Trump não é nada mais que um reacionário, sem nenhuma base cultural ou qualquer doutrina, pessoal ou coletiva. Sua contribuição ao conservadorismo é paradoxal, pois tem feito mais que a esquerda para enterrar esta ideia, tornando-a um mero repositório confuso de temas polêmicos e escolhidos apenas pelo potencial eleitoral, com preferência pela facilidade na manipulação. Um conservador como Winston Churchill dizia que contra Hitler se aliaria até ao demônio.
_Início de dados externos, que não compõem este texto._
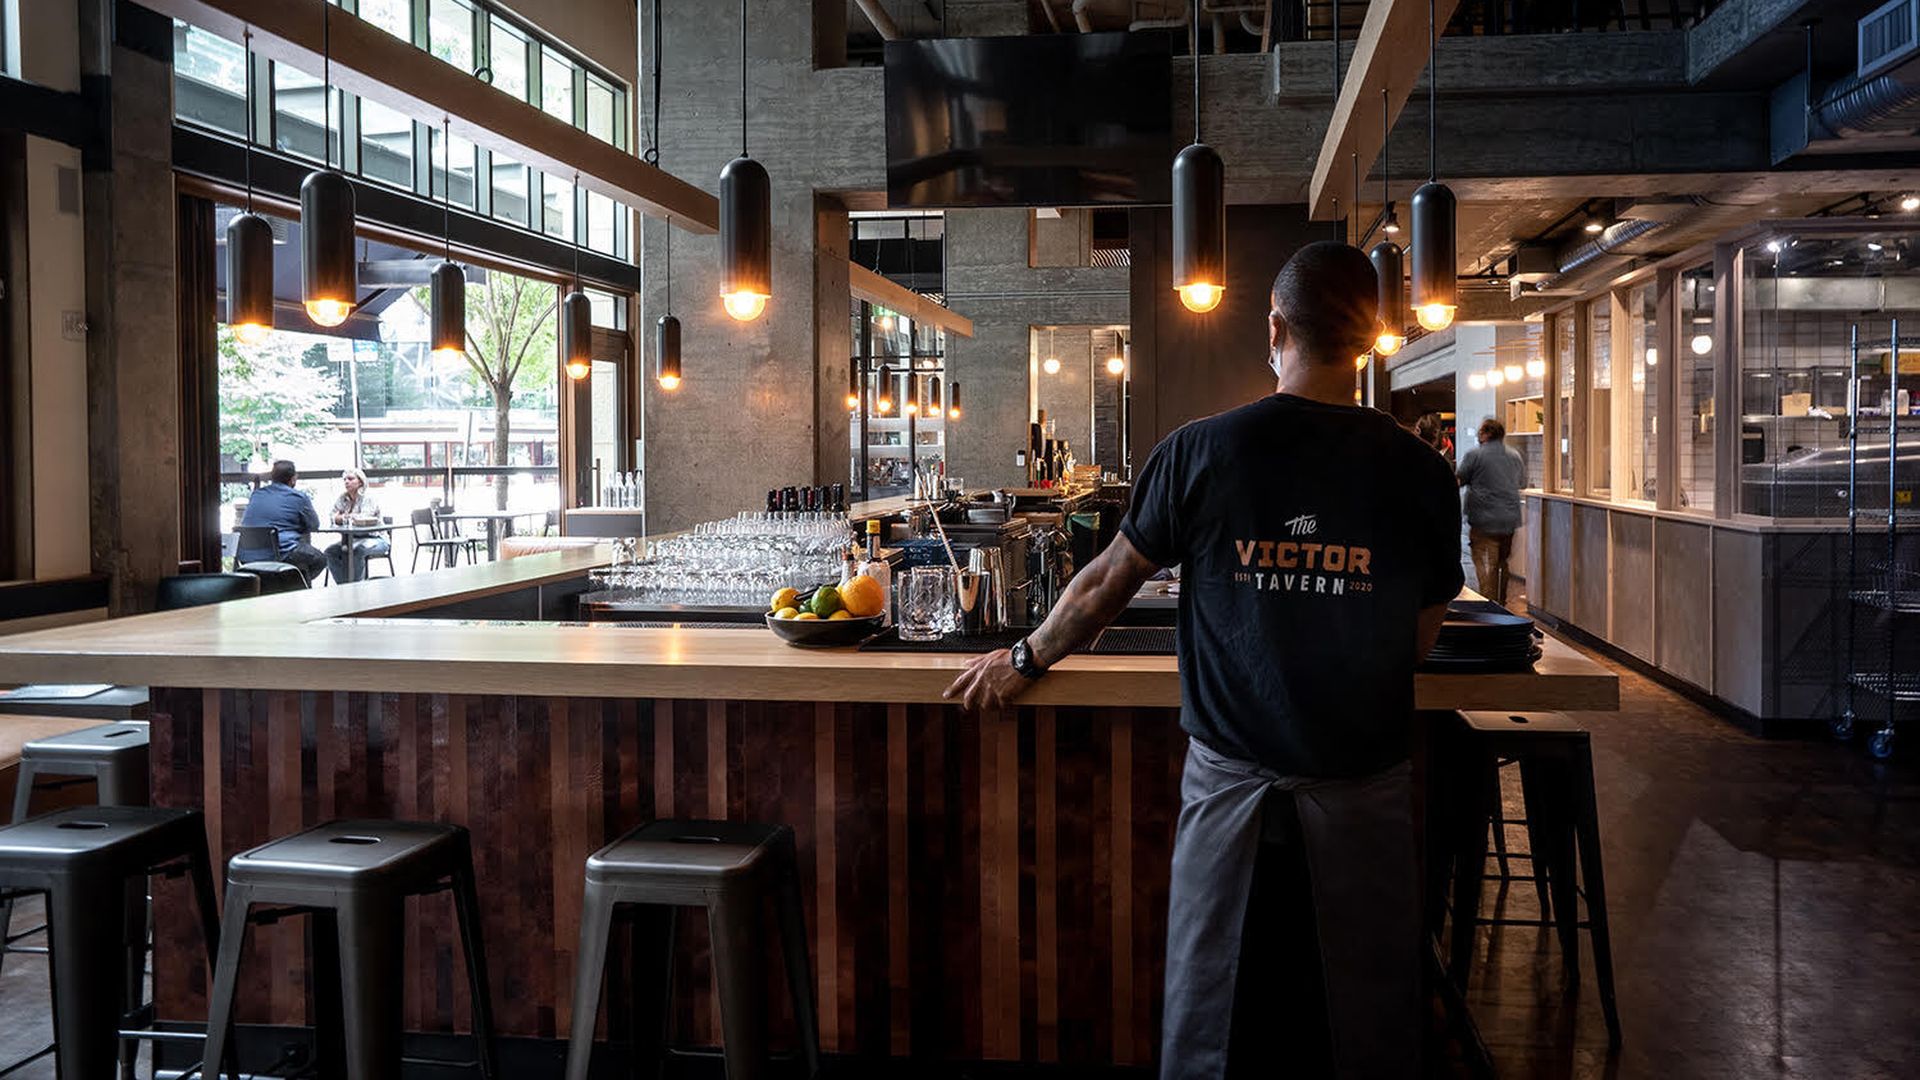 A restaurant worker stands on the outer edge of an empty barstool seating area facing a kitchen.
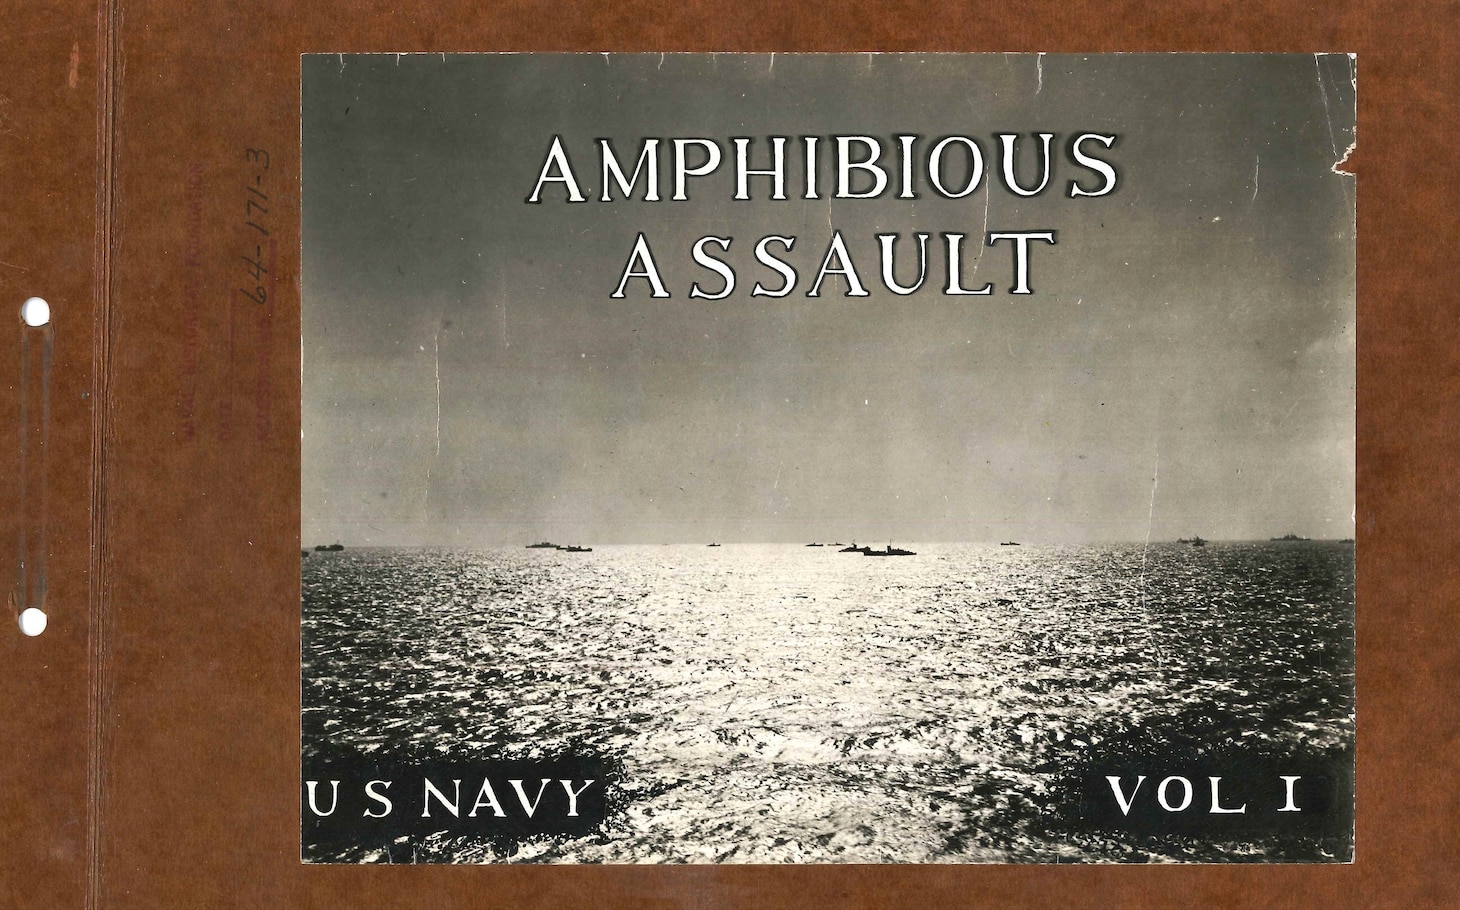 The leather cover of the rawhide-bound narrative Amphibious Assault, circa 1944

É provável que hoje em dia preferisse também o tinhoso do que aceitar certas figuras alegadamente conservadoras.

Vale qualquer coisa para esse tais “conservadores”, sem que o debate ou materialidade do objeto em discussão estabeleça de fato uma diferença de qualidade na vida das pessoas. Atualmente levantam a questão do aborto a todo momento — até nesta indicação de uma nova juíza —, mas pode ser que um dia apontem a unha encravada como um ponto determinante para as nossas vidas. Só depende de unha encravada dar voto.

Tudo bem, Donald Trump é um idiota com um discurso impactante em uma parcela de eleitores, com uma esperteza que já foi suficiente para dar-lhe um mandato. São falas e apenas isso, com temas desconexos que de modo algum se juntam organicamente para se compor em uma transformação real. É a cultura do desmonte, que espalha apenas ignorância. Claro que isso abalou o partido de Barack Obama, dos Clinton e lá de trás, de John Kennedy, mas como eu já disse, esbagaçou igualmente o conservadorismo na sua vitalidade filosófica, anulando seus valores efetivos.

No entanto, não existe vitória que não venha do contraponto ao vigor do adversário, que pode deliberadamente ser usado como alavanca ou ter este efeito como um desenvolvimento natural. É de onde surge a força desse tipo de aventureiro. O sufoco do Partido Democrata para derrotar um ogro como Trump vem de dificuldades criadas por eles próprios, com este mistureba de politicamente correto e desarmonia racial e de gênero, com ideias atravessadas que desestabilizam conceitos morais das pessoas sem trazer um sólido ponto de apoio para a mudança radical de comportamento. Eu os chamo de jacobinos do bem, sempre surpresos quando são suas cabeças que rolam, afinal não é justo que isso aconteça com progressistas.

Para espertalhões como Trump basta gritar contra a atrapalhação do discurso divisionista da esquerda na vida das pessoas, até porque esquerdistas atuam politicamente como se todos tivessem que aceitar com naturalidade mesmo as maiores mudanças. Usando este clima conturbado, políticos como Trump não precisam apontar nenhum caminho, até porque não sabem nem estão interessados para onde devemos ir.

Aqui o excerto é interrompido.